A Computationally Efficient Model for Three-dimensional Stress Analysis of Stiffened Curved Panels

Lightweight, thin-walled structures stiffened by a set of stringers or ribs are widely used in many engineering applications. Thus, the need for the structural capability assessment of such structures has increased and development of accurate, yet computationally efficient, models has become a major interest to industry. We present a novel approach for the static analysis of stiffened structures using a one-dimensional (1D) refined beam model. The approach is based on Carrera Unified Formulation (CUF), and can recover complex, three-dimensional (3D) stress fields in a computationally efficient manner.
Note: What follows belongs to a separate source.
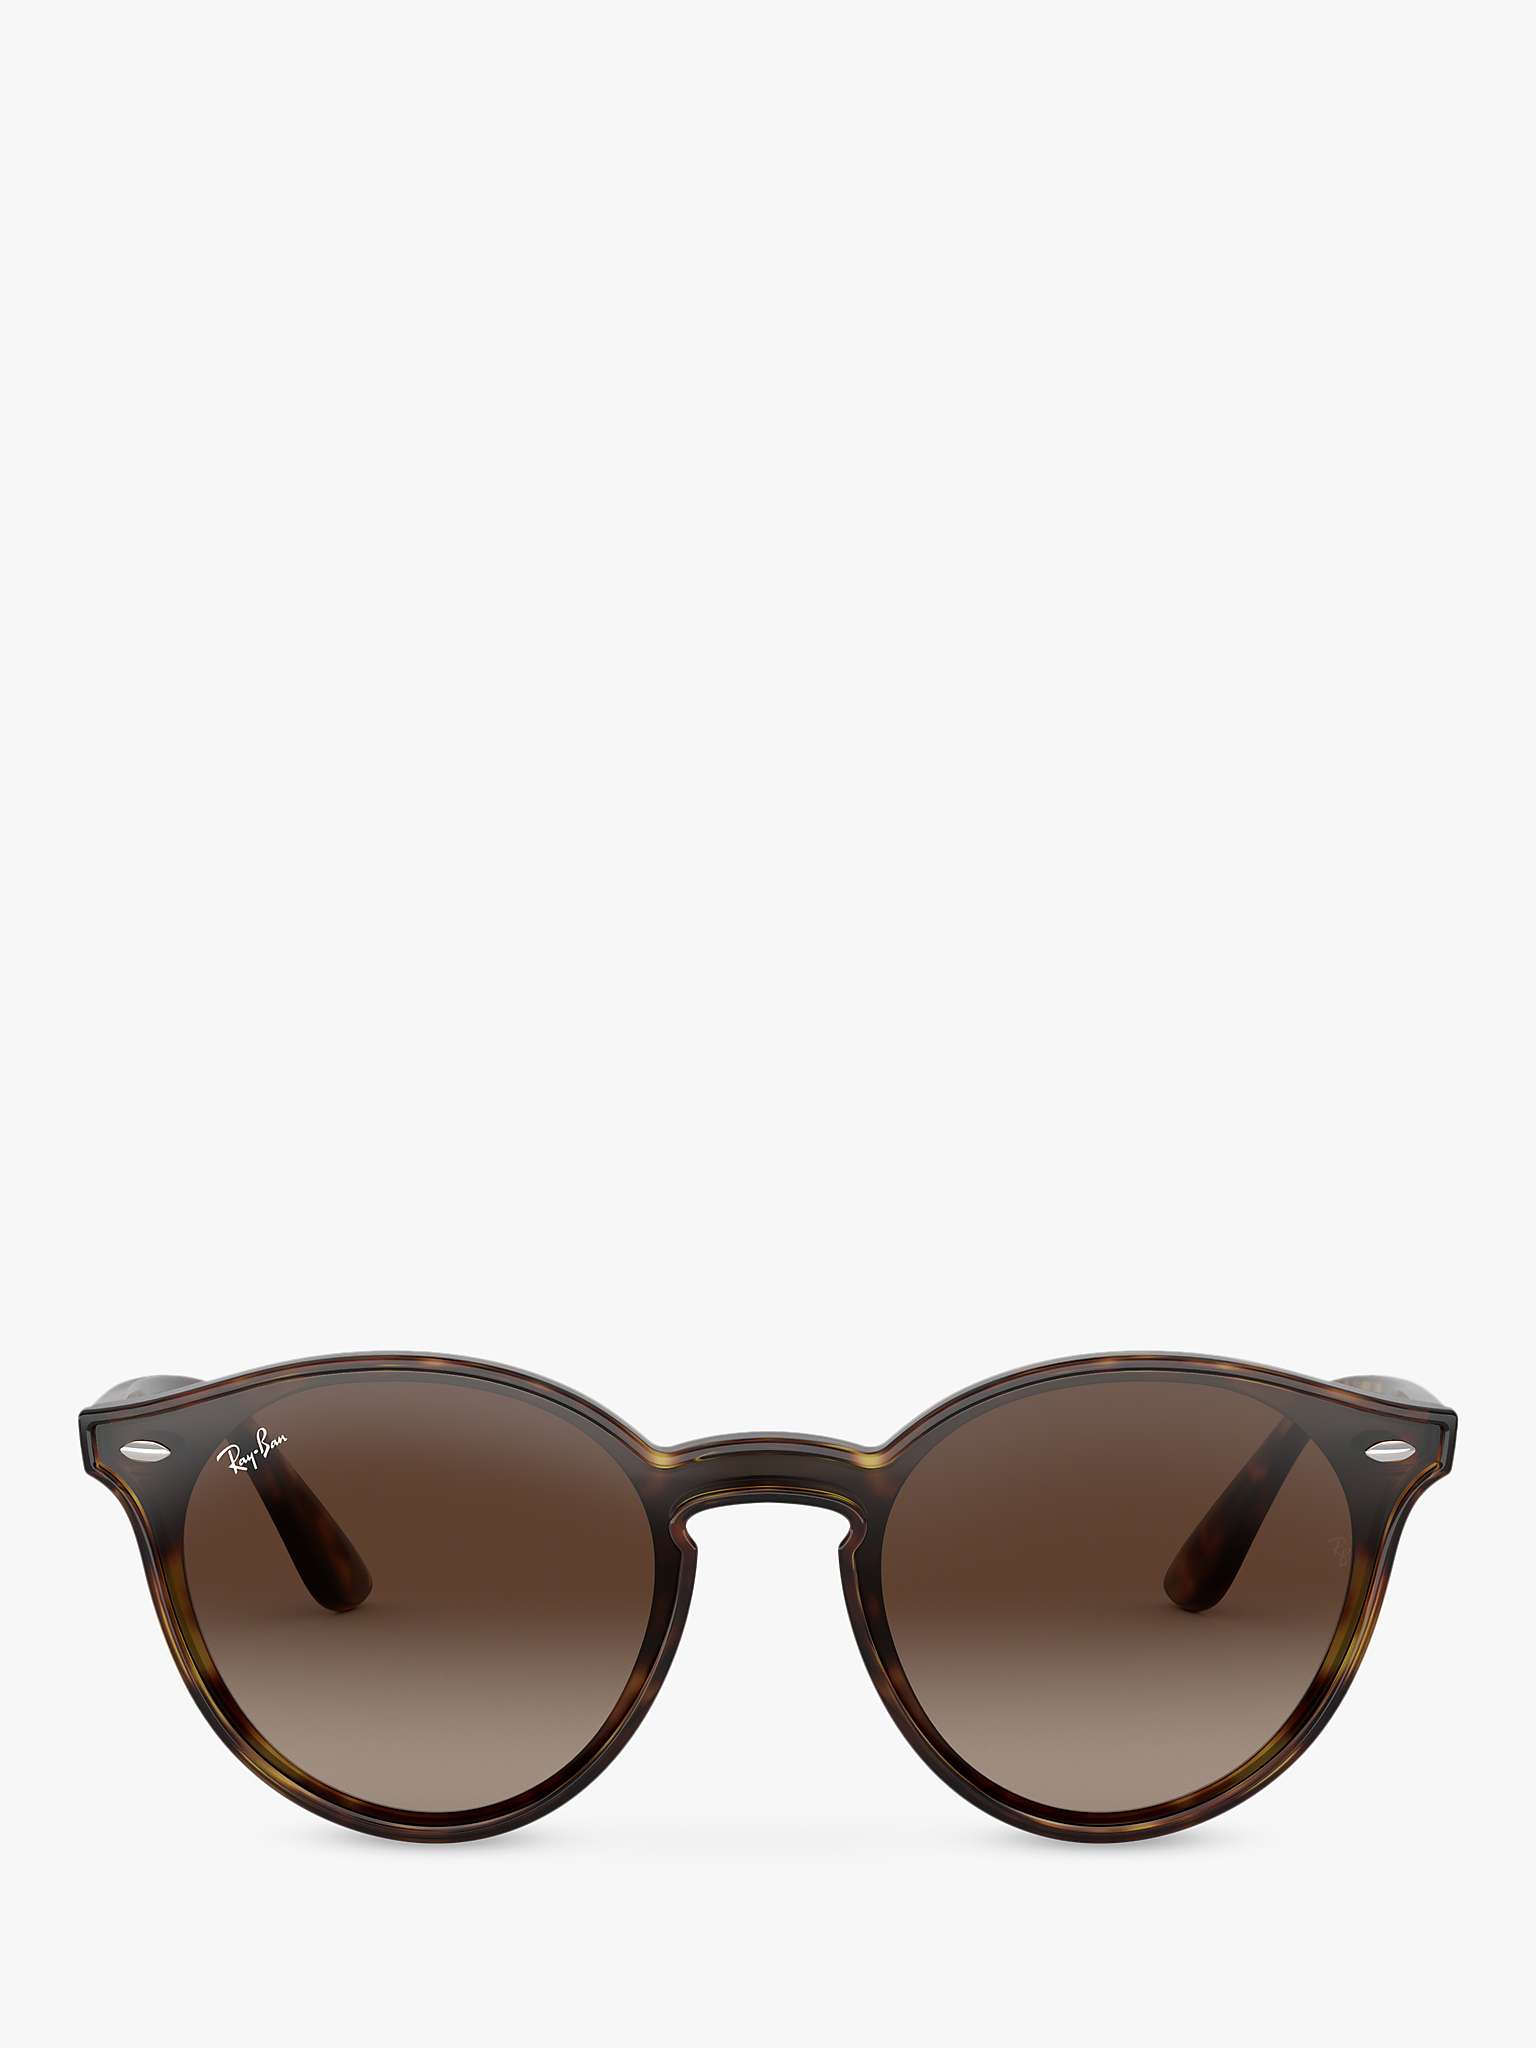 Buy Ray-Ban RB4380N Unisex Oval Sunglasses Online at johnlewis.com
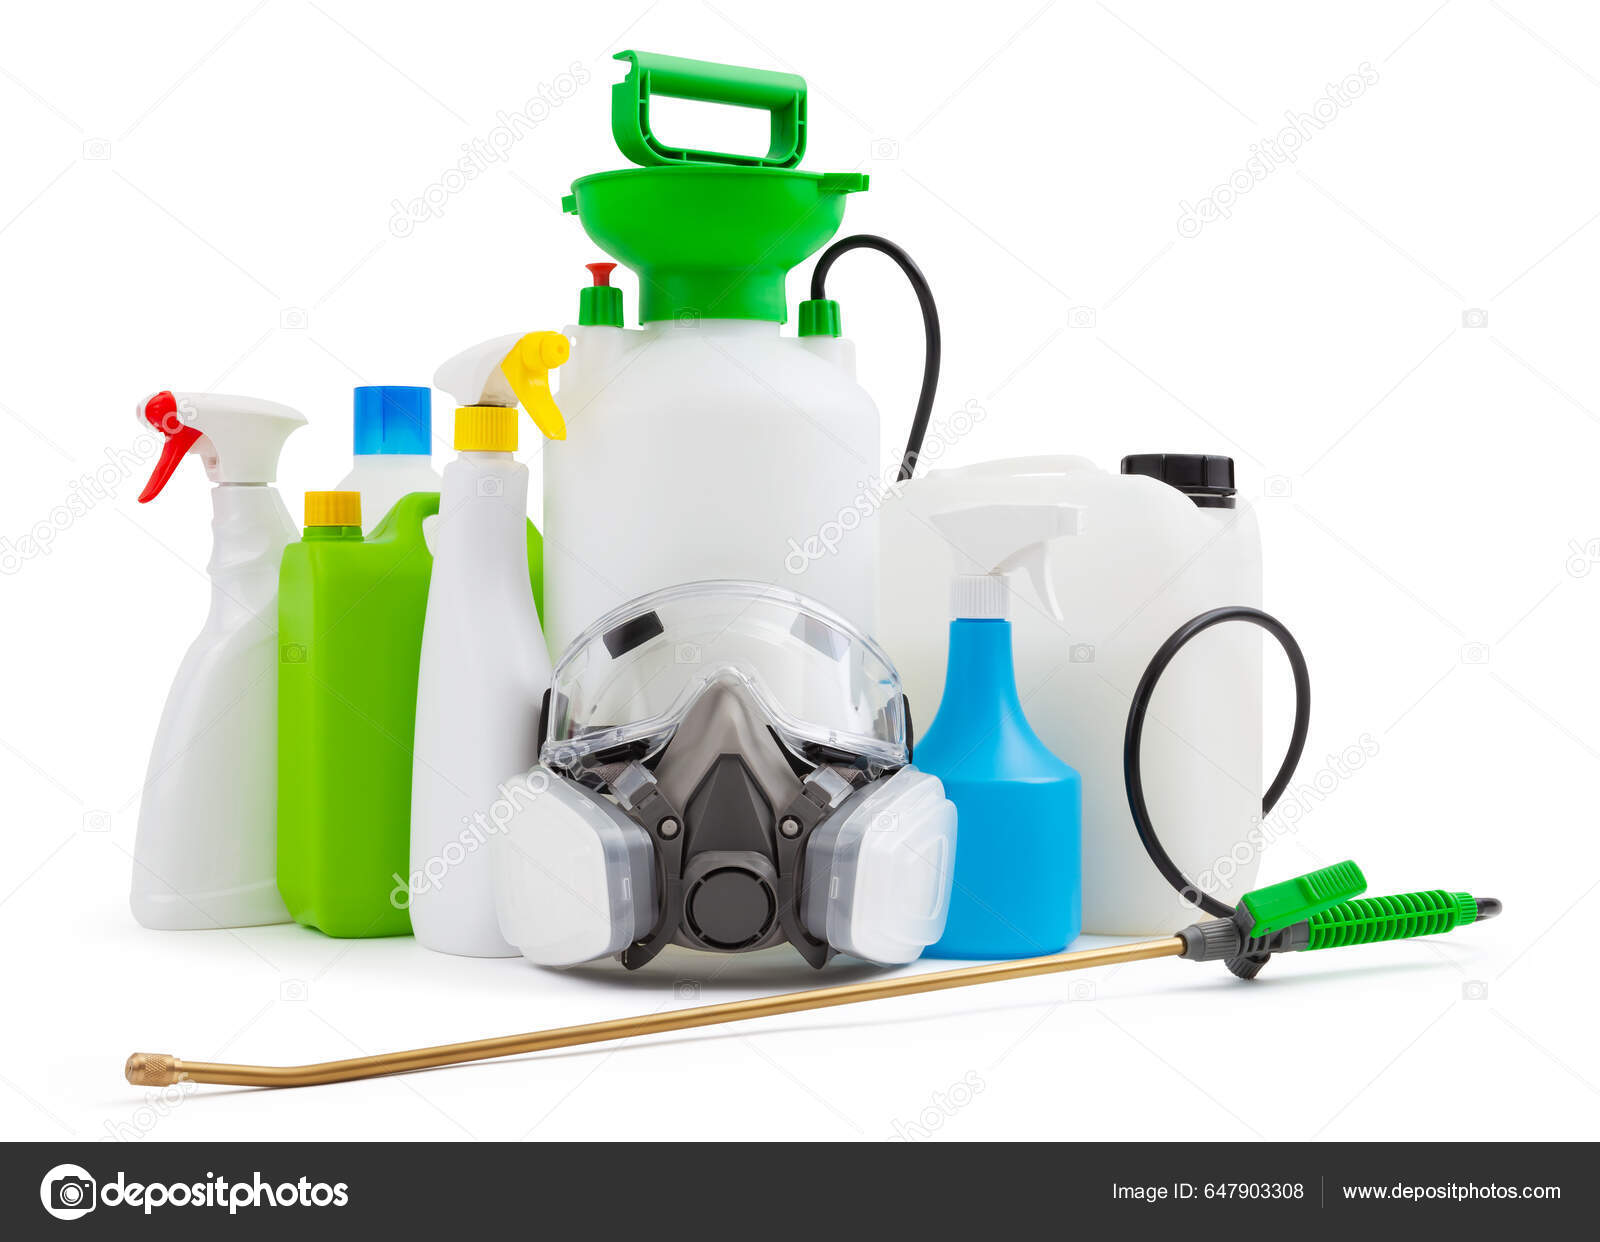 https://st5.depositphotos.com/2714617/64790/i/1600/depositphotos_647903308-stock-photo-cleaning-disinfection-tools-kit-isolated.jpg

As a novelty, recently developed hierarchical set of expansion functions, based on Lagrange polynomials, namely Serendipity Lagrange expansions (SLE), are used to define cross-sectional displacements. In this scheme, the beam’s cross-section is discretised using four-node Lagrange elements, which allows local stress-concentrations to be modelled. Further, the hierarchical nature of Serendipity Lagrange expansions within each cross-sectional element make it suitable for predicting higher-order effects. The higher-order expansion functions also improve the geometrical approximation of curved sections by employing a local mapping technique based on a blending function method. In the present work, the so-called 1D CUF-SLE model is used to analyse flat and curved panels stiffened with transverse ribs and longitudinal stringers. The performance of the proposed approach in terms of computational cost and precision is assessed in comparison to reference solutions obtained by employing 3D finite element (FE) analysis in ANSYS. Our results show the capability of the present formulation to model complex structures which otherwise could only be done with computationally expensive 3D FE analysis.